Hey Stefan,
We're generally interested in fixing these kinds of regressions, and also
performance regressions. Did you file bugs for them? (I see your comment
on
46056; sounds complicated indeed)
Generally, because I use heavily modified code / fork-of-wine I do not file bug reports, unless I can reproduce them on vanilla wine (or Staging). Occasionally, I will reach out to the author of a particular related patchset, or something like that -- but I don't want to be spamming/filing invalid bug reports. ( I know the rules ).
Yup, using Wine to run heavily multithreaded proaudio software is a pain / complicated to do... People have tried to fix it all via Winelib apps / bridging - but fundamentally, that's not the (full/proper) solution. Wine itself needs to be patched / fixed, because even with bridges, you will eventually hit a wall due to limitations in Wine.
I'm sure you remember the Muse Receptor folks? (Wine 1.x era) and the kinds of hacks they used to employ? (unix pipe synchronization per app, setting realtime from without wineserver, RT hacks in kernel32, specifically compiled libs/windows dlls, etc)... or the Wine-RT patch that lives in Staging? it seems every few years, new ideas/implementations/code rolls out that helps improve the situation... but much of it never makes it upstream (often for very valid reasons. eg: too platform-specific. too hackish. etc).
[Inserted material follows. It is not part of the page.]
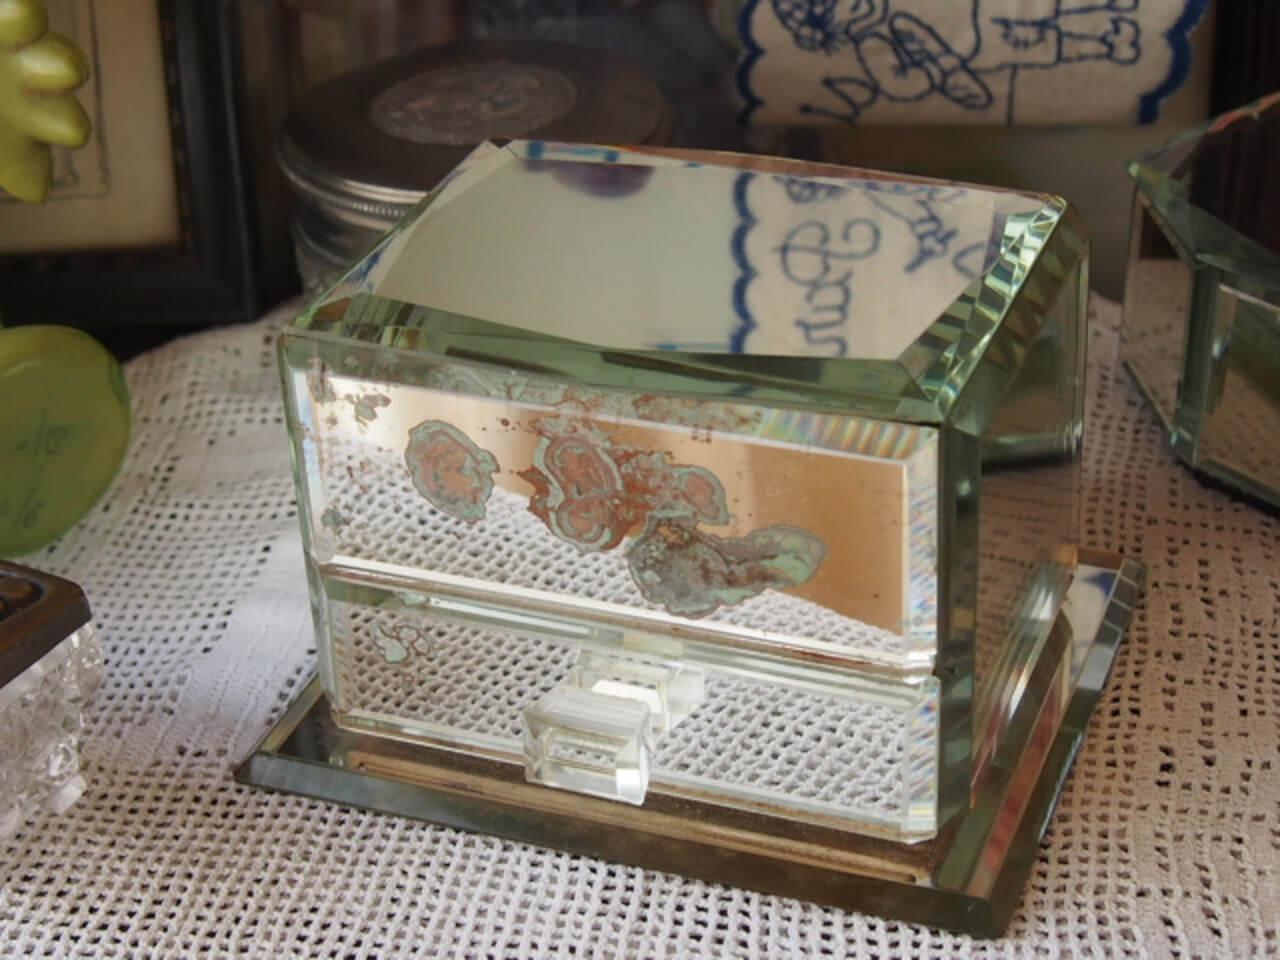 ミラー貼りのジュエリーボックス

Lots of handy patchwork floating around these days; stuff in Proton.. Zeb's Esync/Fsync code.. Lots of Remi Bernon's work (LFH, keyed_events+futexes, and so on).. Some of Torge Matthies' patchwork; especially that killer multithreaded wineserver patchwork (shmem per thread for requests/replies)... but I still needed further hacks on his code; dropping his spinning code (it stalls apps like NI Kontakt), AND I had to set up these threads' pthread attributes for RT (as his code sets them to NULL)...
This further demonstrates why I can't really file report bugs, to a large extent... It's kind of a pain, but at least I can run my apps with great success. That said, maybe when I rebase during Wine-8.x development cycle, I can test against Wine-Staging and at least do some bug reports, where applicable.
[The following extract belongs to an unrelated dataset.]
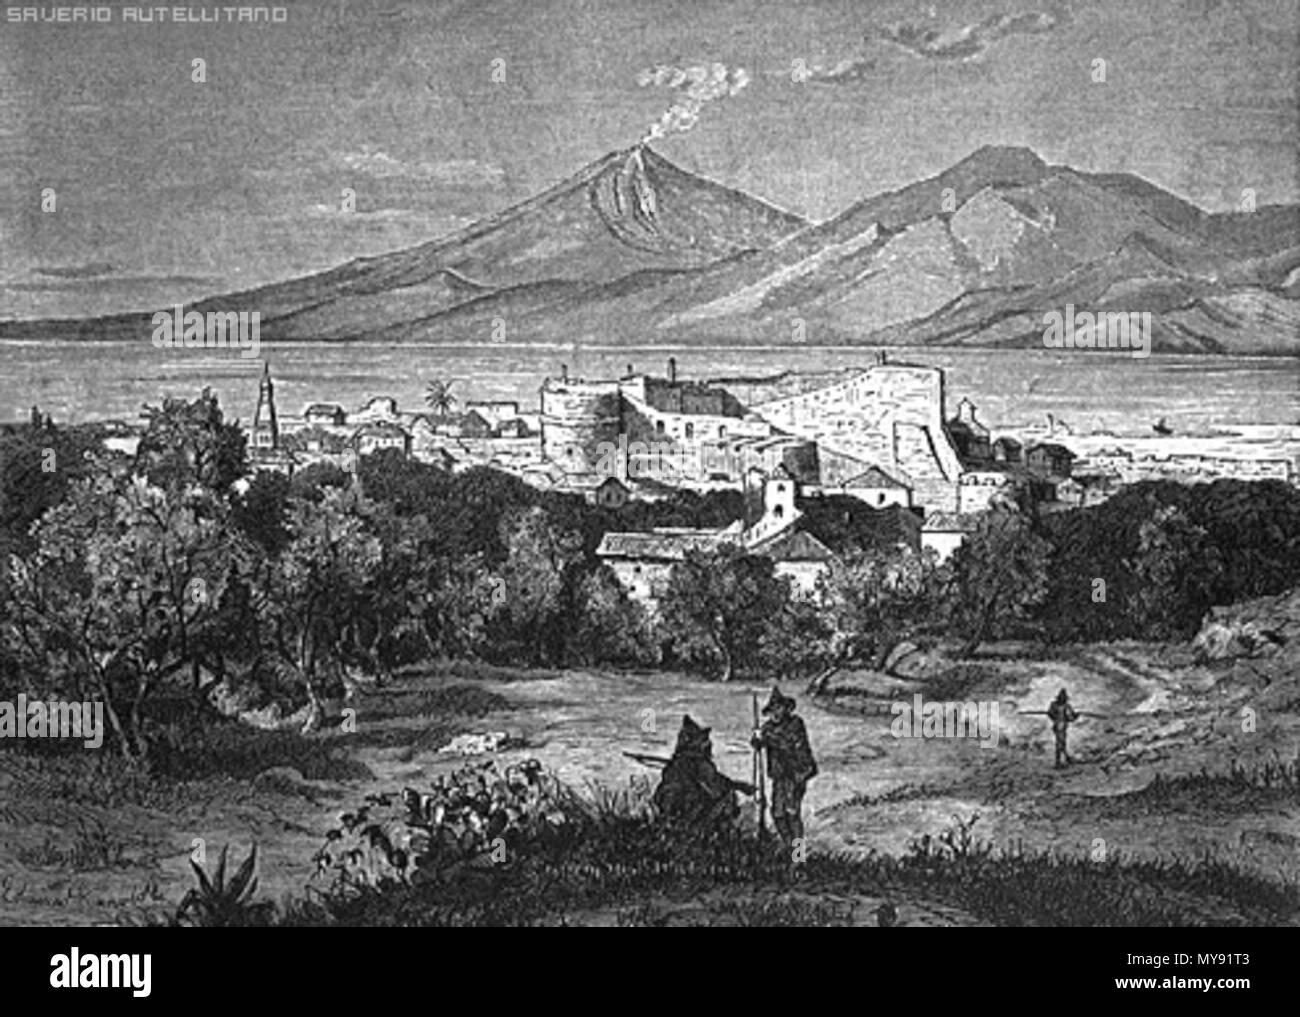 . old incision - Antica incisione raffigurante Reggio Calabria ed il suo castello con il vulcano Etna sullo sfondo. modern era. Unknown 448 Reggio calabria incisione castello etna - Stock Image

If they are highly use-case specific, like you depend on old versions of
Linux
libraries or whatever, we might not be able to address them, still we'd
love
to hear about them.
Highly use-case specific in that I only care about running Proaudio apps (for personal use). I will make use of any kernel or userland functionality/advantage to do so. I will employ hacks in Wine, when needed (even if a bit icky and tricky)... But no, I don't use any kind of proprietary Winelib apps, no odd-ball compilers or anything like that... I use Archlinux, a fairly vanilla system, and While I do use a custom kernel, nothing too exotic: Preempt-rt (6.0.x), some backports from 6.1/2, a few other bits (stuff that is, or will be upstream)...
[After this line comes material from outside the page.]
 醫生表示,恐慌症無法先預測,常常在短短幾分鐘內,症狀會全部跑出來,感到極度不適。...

For me, the 3 biggest things that I would like to see upstream Wine implement / support are:
#1 - better handling of Windows Synchronization primitives (this is tricky to not be platform-specific.) #2 - Proper mapping of Windows Scheduling to Linux/Unix Scheduling (both nicess AND RT scheduling) #3 - Multi-threaded Wineserver (requests, replies and APCs are a huge bottleneck for single-threaded wineserver)
I have things in place to handle all of these things (to varying degrees), but it's all very hackish and certainly not suitable for upstream... I understand a lot of the challenges for upstream here, none of the above are easy to address - but are all showstopping issues with being able to use Vanilla Wine, or even Staging.
Honestly I hope upstream reconsiders multi-threaded wineserver at some
point. I know it's single-threaded for stability/simplicity, but it's a real bottleneck in some cases.
I hope so too, Gabriel... Personally, I think Torge's multithreaded wineserver code demonstrates that there could be some viable solution. ~ I've had ZERO instability using those patches (initial issue aside). ~ I'd like to see an approach like that, but one that also handles APCs too... Lots of things can be handled by a single thread, but the server requests/replies && APCs can't be, at least not when using some heavier applications. (Ableton Live 11 is a fantastic example, as are certain VSTs).